* TRY IT *
Set the images aside and retype the whole listing exactly.
BEGIN SOURCE MATERIAL
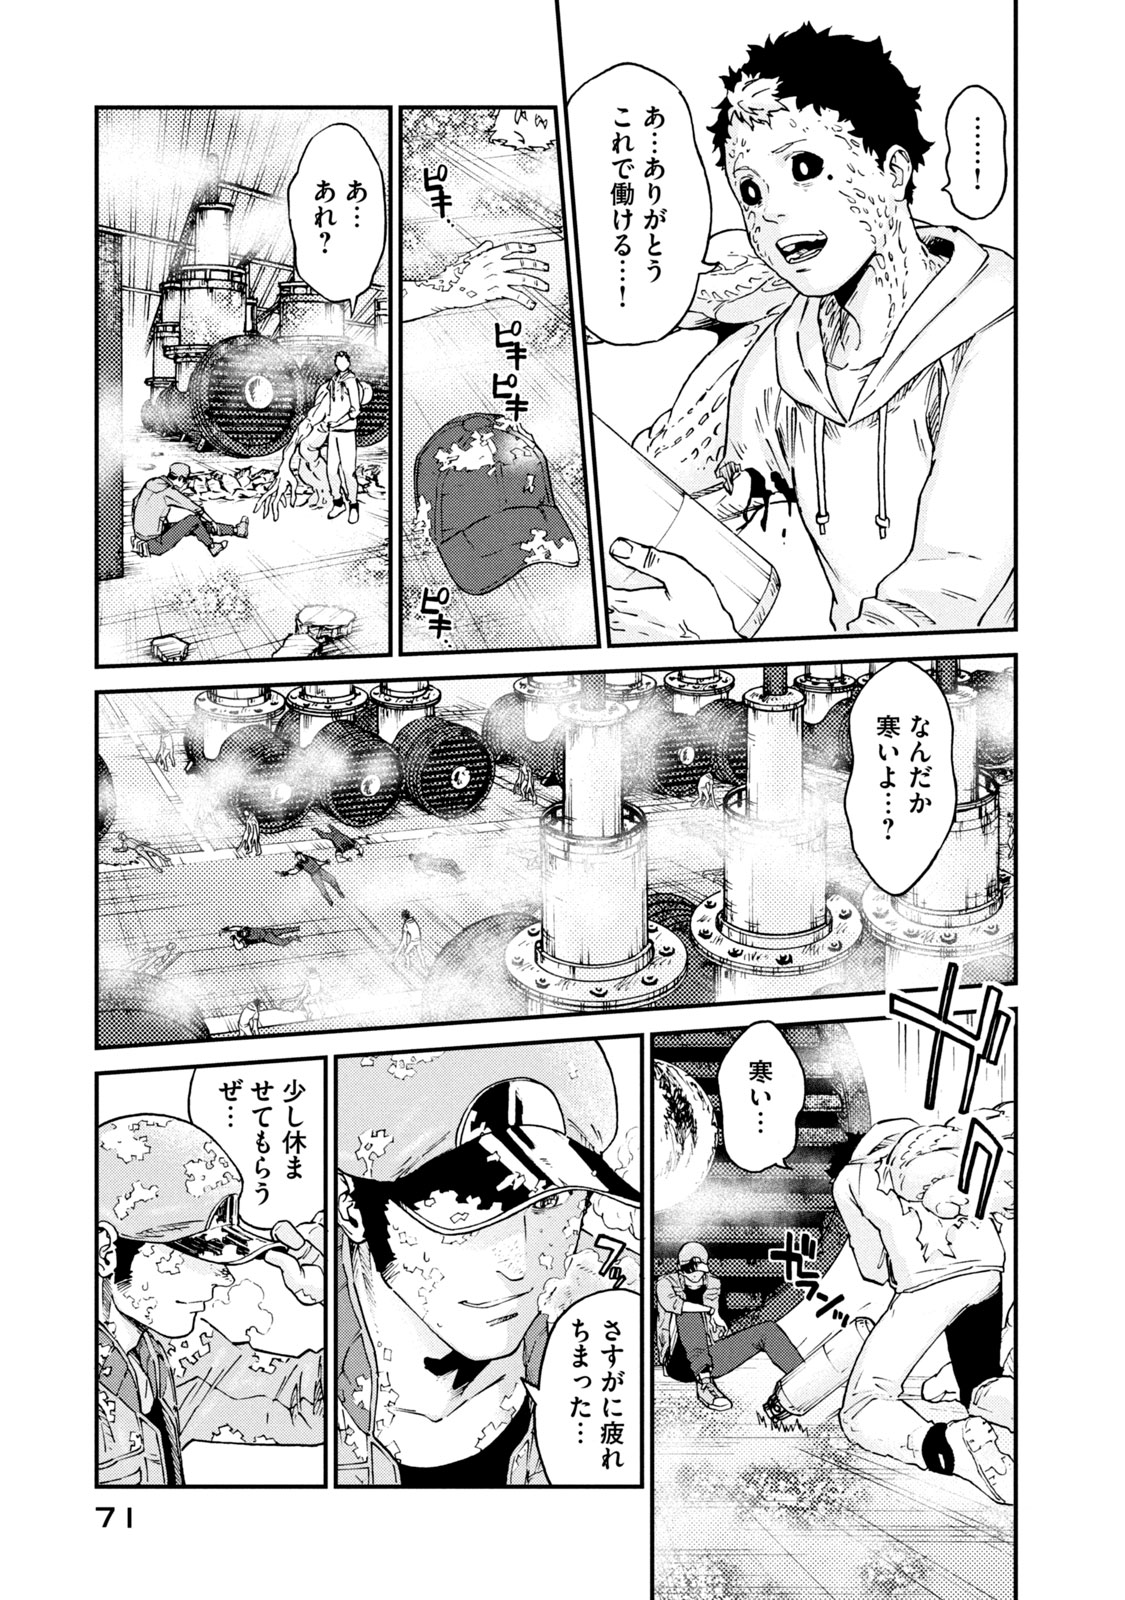 Hataraku Saibou BLACK - Chapter 39 - Page 9
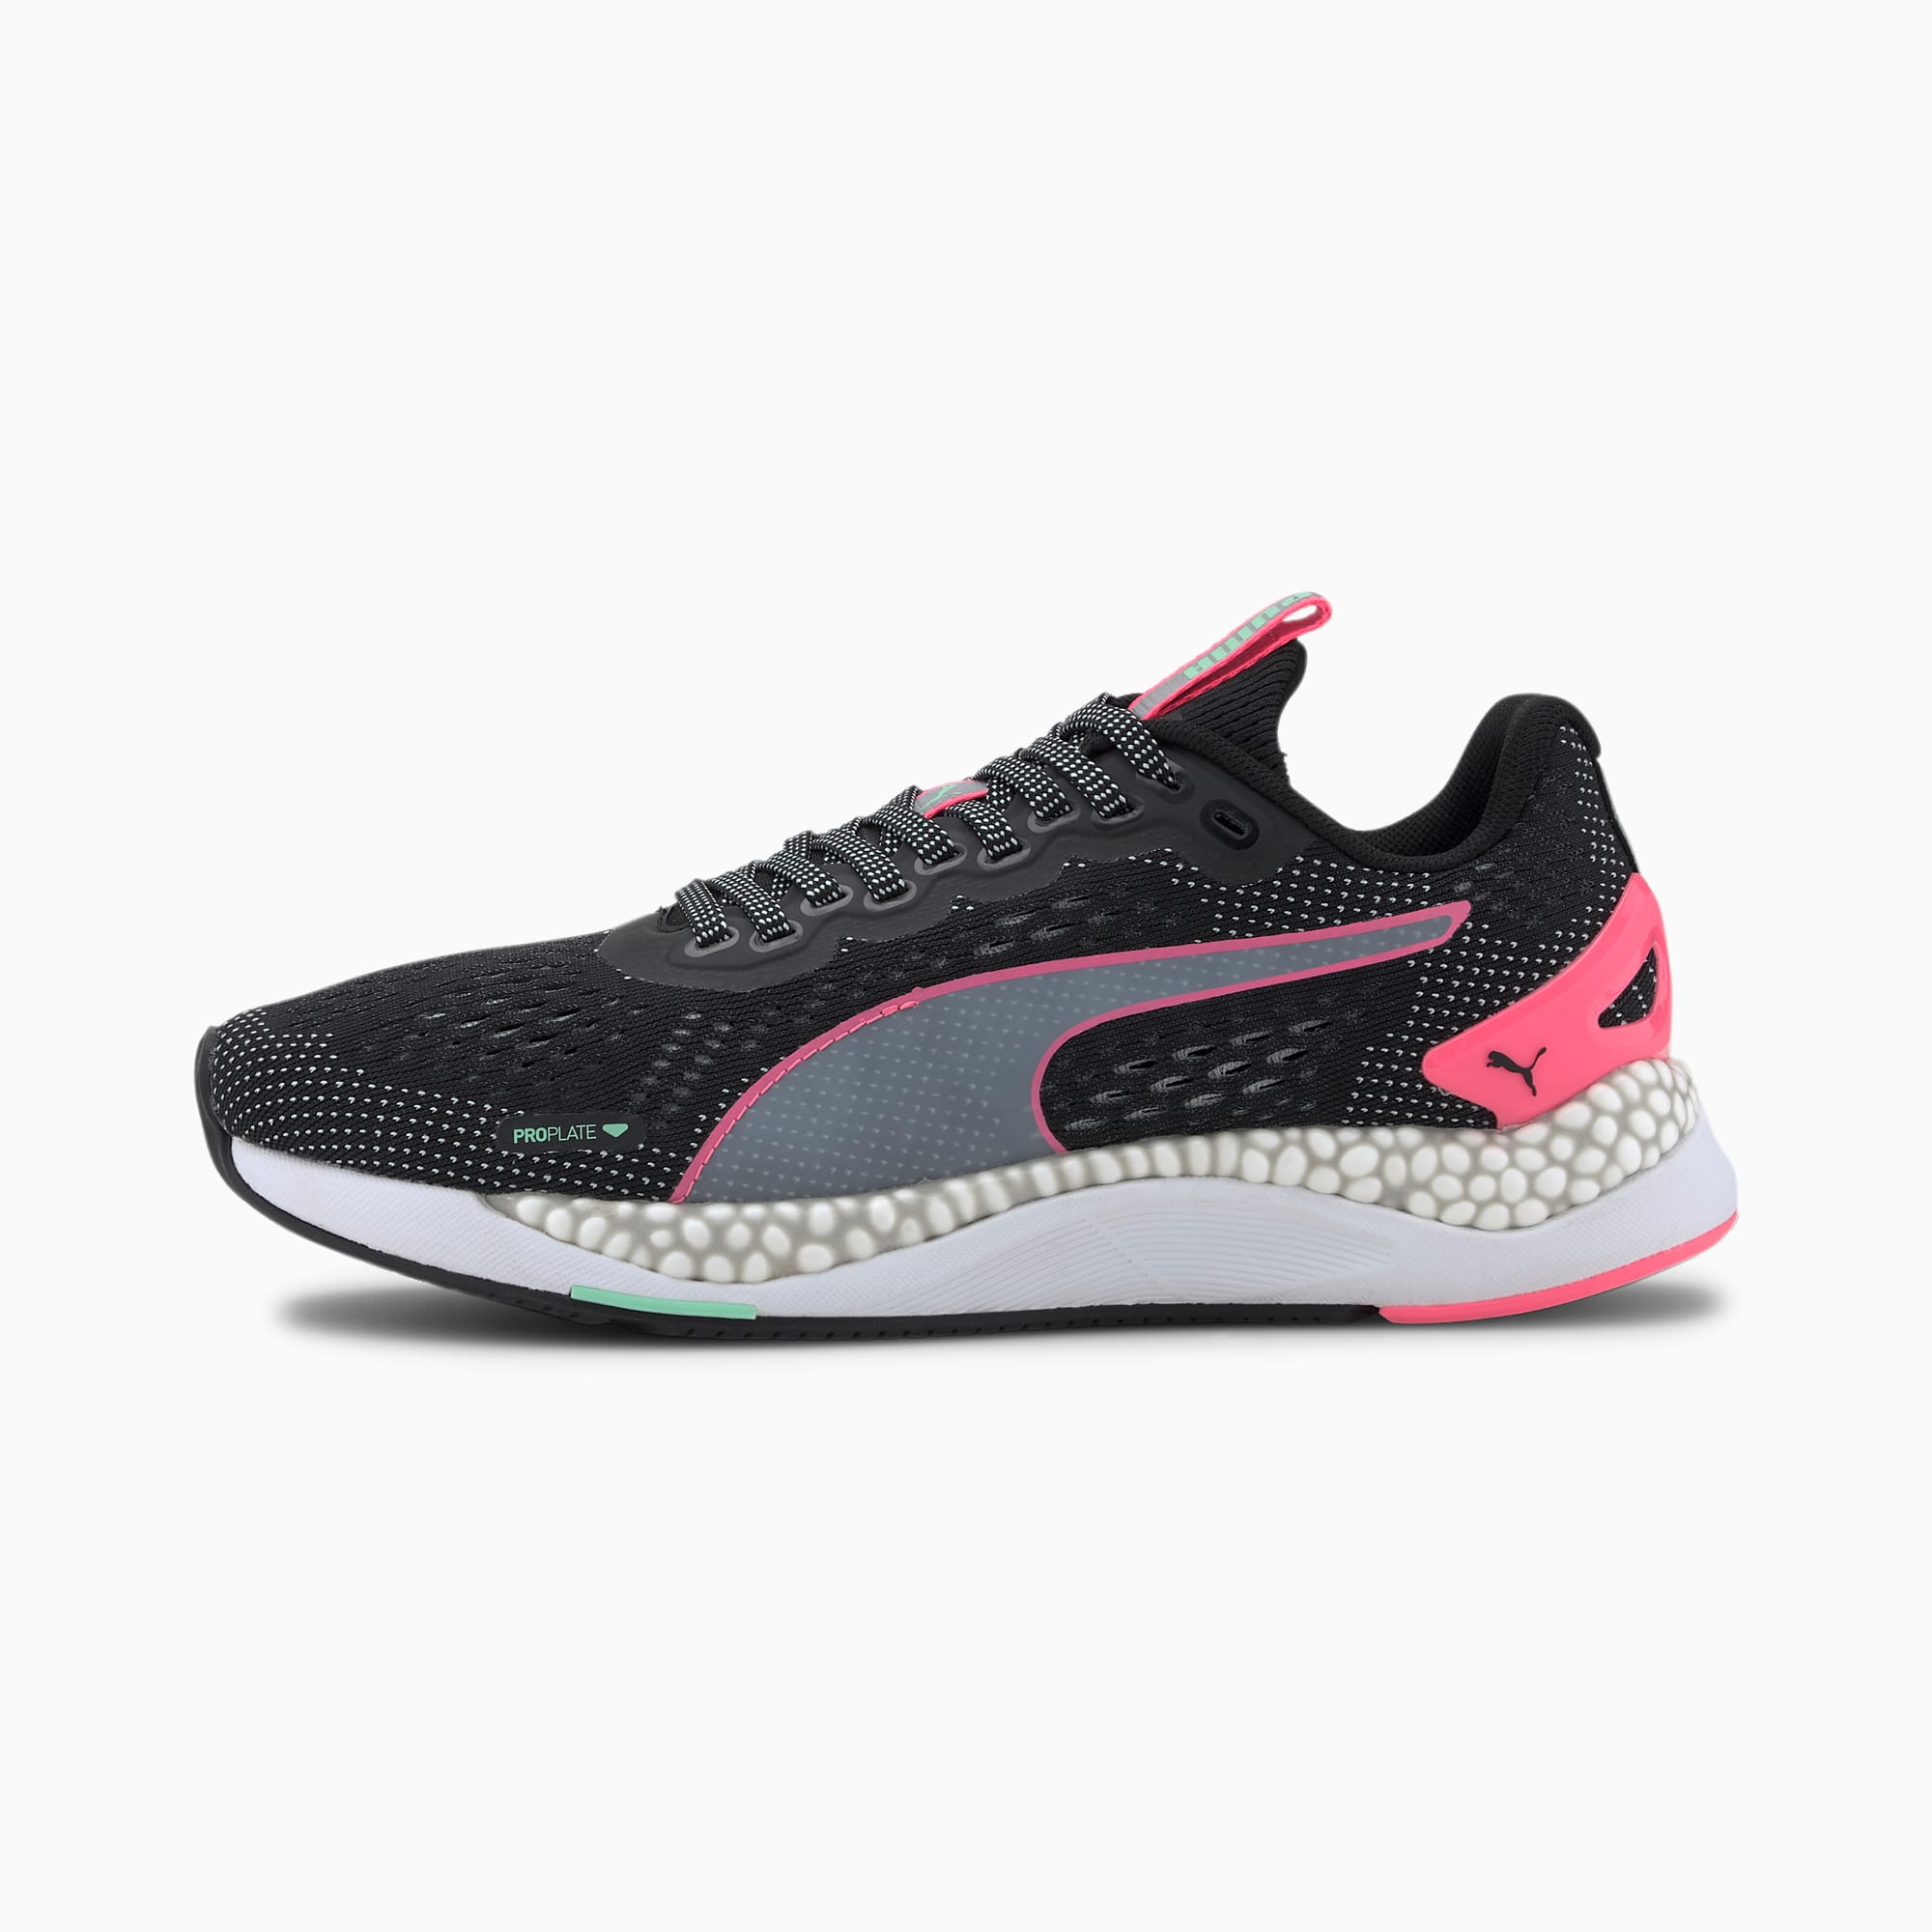 Speed 600 2 Women S Running Shoes Puma Black Ignite Pink Puma Running Puma
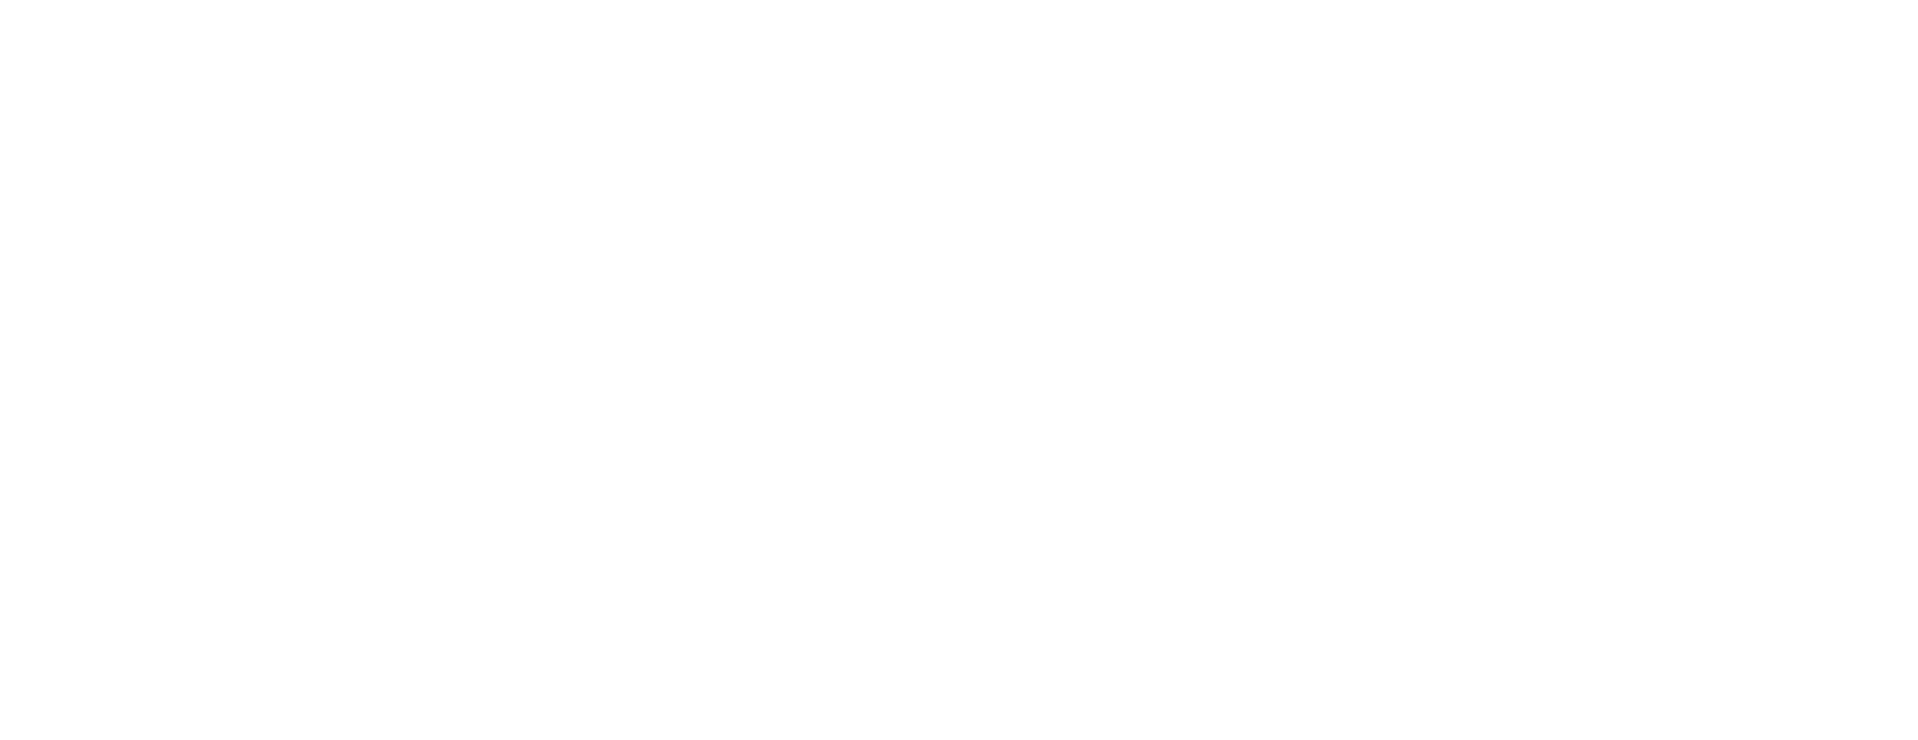 Wren Boys logo
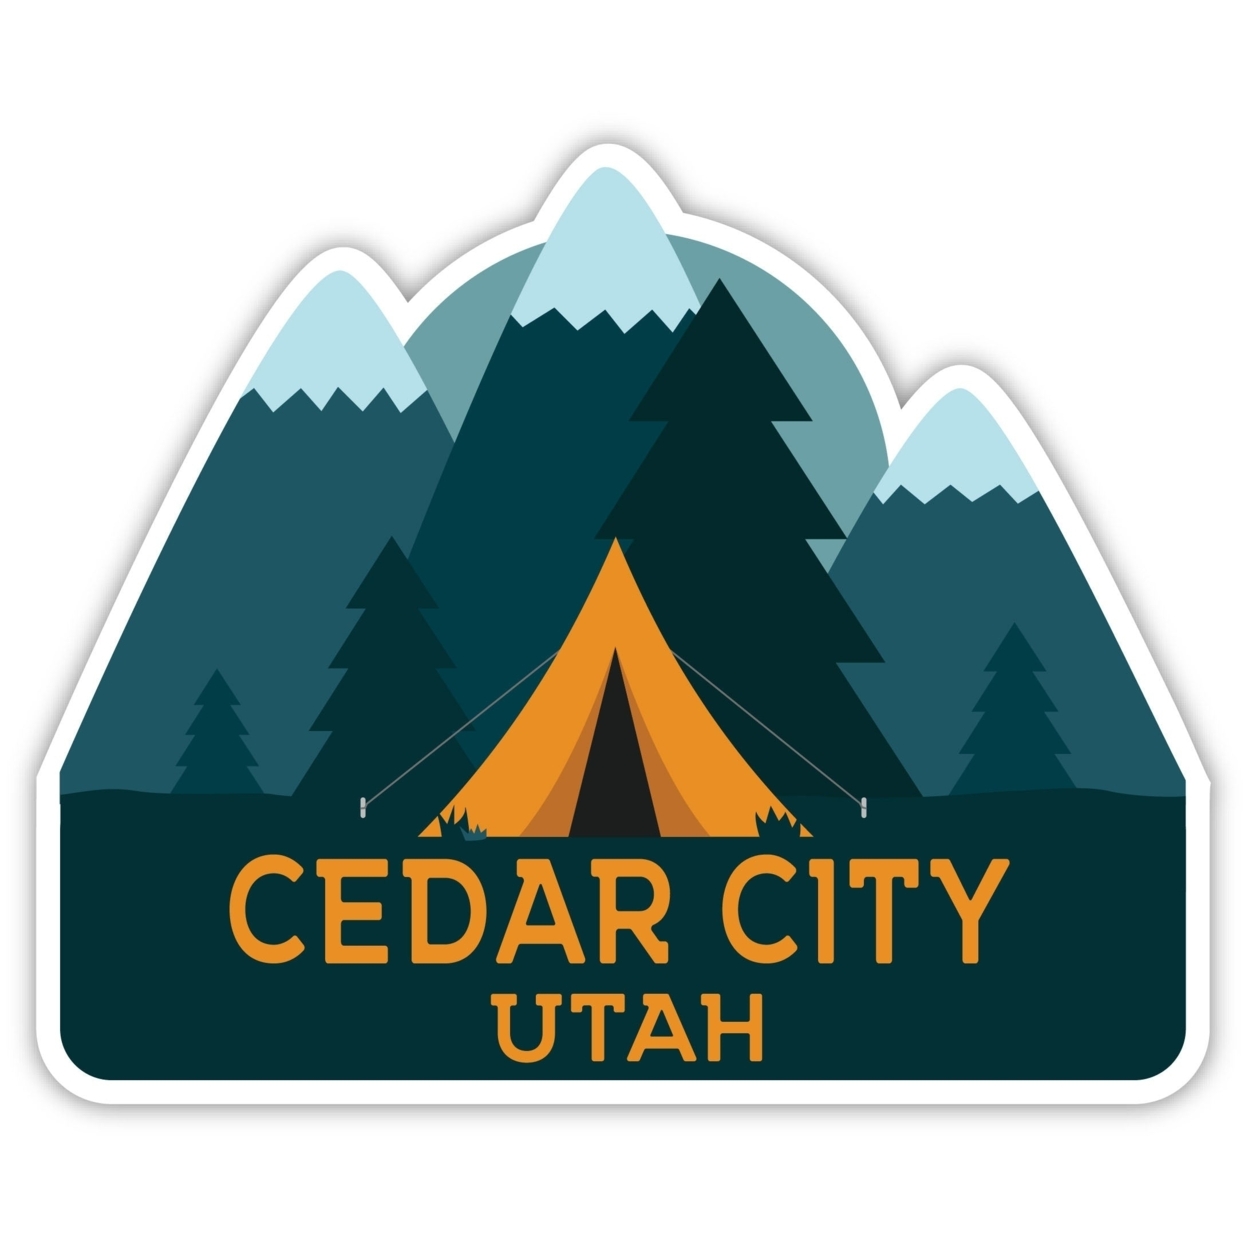 Cedar City Utah Souvenir Decorative Stickers (Choose Theme And Size) - 4-Pack, 2-Inch, Adventures Awaits
END SOURCE MATERIAL
* TASK RESULT *
 Hataraku Saibou BLACK - Chapter 39 - Page 9
 Speed 600 2 Women S Running Shoes Puma Black Ignite Pink Puma Running Puma
 Wren Boys logo
 Cedar City Utah Souvenir Decorative Stickers (Choose Theme And Size) - 4-Pack, 2-Inch, Adventures Awaits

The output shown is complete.